In 2018, nearly 78 percent of women ended their pregnancies in the first nine weeks (before the embryo becomes a fetus), and nearly 90 percent of abortions occurred in the first 13 weeks. In early abortions, the procedure usually takes less than 10 minutes; in the earliest weeks, women can opt for a nonsurgical manual aspiration procedure which uses the suction of a simple syringe. Complications are more common in getting a wisdom tooth pulled than in ending a pregnancy.
And so abortion opponents focus on the false or the rare — anything to bolster the assertion that ending a pregnancy is brutal business. It’s why Republicans (like former President Donald Trump and former Vice President Mike Pence) have falsely claimed that women are getting abortions up until the moment of birth and that states allowing compassionate withdrawal of care from terminally ill babies are actually legalizing infanticide.

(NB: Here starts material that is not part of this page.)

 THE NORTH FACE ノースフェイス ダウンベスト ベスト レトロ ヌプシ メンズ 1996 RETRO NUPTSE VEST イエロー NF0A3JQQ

It’s also why conservative lawmakers are so intent on passing 20-week bans — as they’ve done in multiple states — even though the small number of abortions performed after that point are almost always owing to severe fetal abnormalities or to save the life or protect the health of the mother.
What’s most troubling, though, is that because the anti-choice movement relies on a grisly political message, it would seem the movement has a political interest in stopping the safest and earliest kinds of abortion. In fact, the kinds of procedures Republicans claim to be the most appalled by also happen to be the abortions their policies are most responsible for. These are hurdles put in place by lawmakers who block Medicaid funding for abortion and put clinics out of business through onerous and arbitrary regulations, such as mandating that clinics have specifically sized hallways.

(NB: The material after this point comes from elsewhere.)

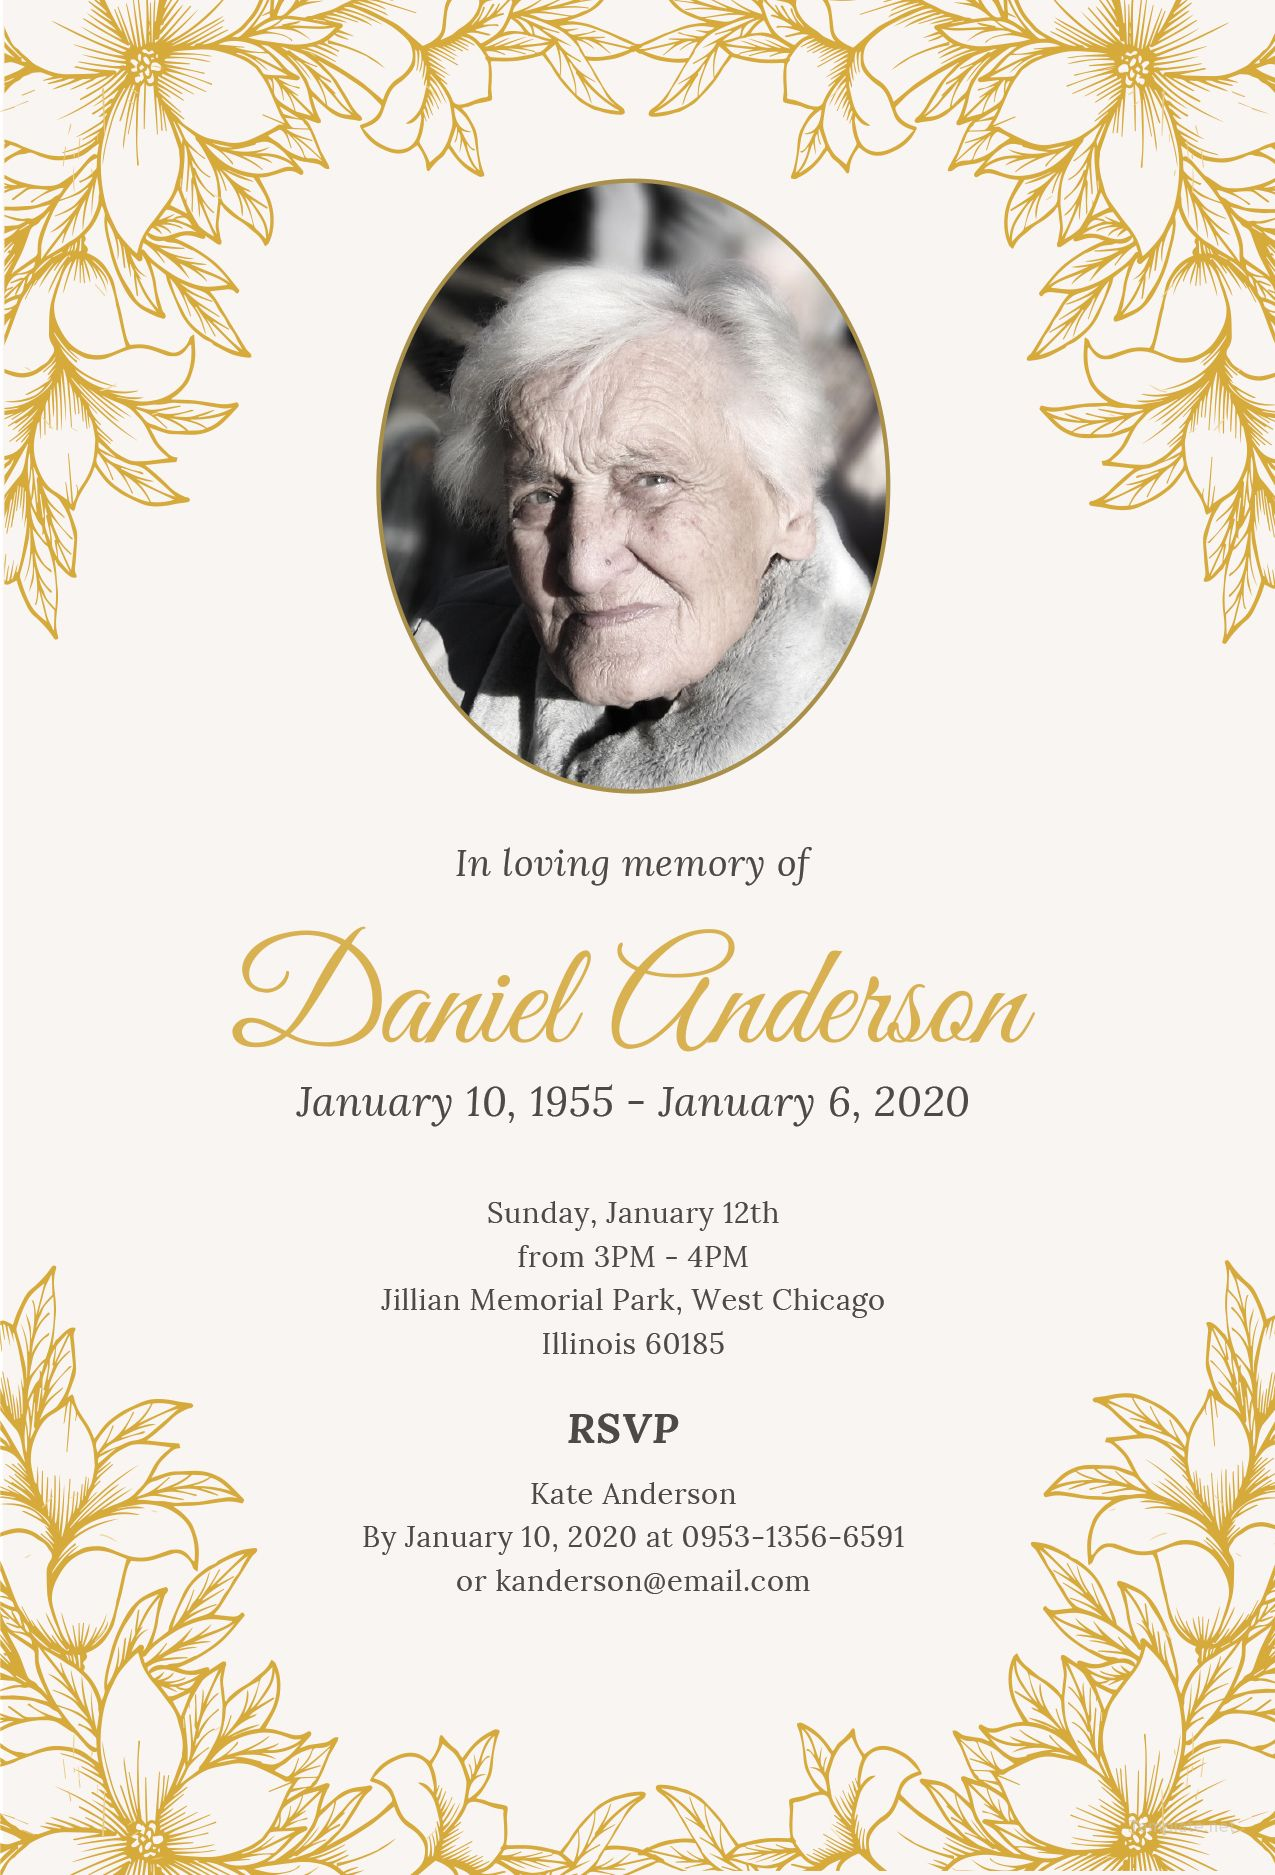 Free Funeral Ceremony Invitation In 2020 Funeral Invitation

And according to the Centers for Disease Control and Prevention, the two of the three states with the highest percentage of abortions performed after 15 weeks also happen to have some of the toughest anti-choice laws in the country: Arkansas’s governor signed into law a near-total ban on abortion in March, even in cases of rape and incest; Missouri has only one abortion clinic left in the state.
If conservatives truly wanted to curb later abortions, they wouldn’t make it so incredibly difficult for so many women to get earlier ones. Of course, if their concern were actually about women’s health and safety, they wouldn’t be trying to make abortion illegal at all.
The F.D.A.’s new rule on telemedicine consultations and abortion by mail will soon arm pro-choice organizations with more studies reiterating the safety of medication abortion and show how shipping pills poses no risk to patients. It will also make it that much more difficult for opponents to make specious arguments about unsafe practices.
Exposing this hypocrisy doesn’t come without a risk. If current trends continue, people ending their pregnancies will increasingly do so at home — circumventing the restrictive policies focused on clinics. Without the ability to use science, reason or even scare tactics in their messaging and legislation, Republicans will, as they have in the past, resort to punitive measures. Already, multiple women who have used medication abortion without going through a doctor have been arrested — and in some cases charged.
For women who live far from clinics or who can’t take extended time off work to travel, access to this medication could be the difference between being forced to carry an unwanted pregnancy and making safe choices about their own lives and futures.
That’s why it’s so important that those who care about abortion rights redouble their efforts to make medication abortion permanently legally available by mail.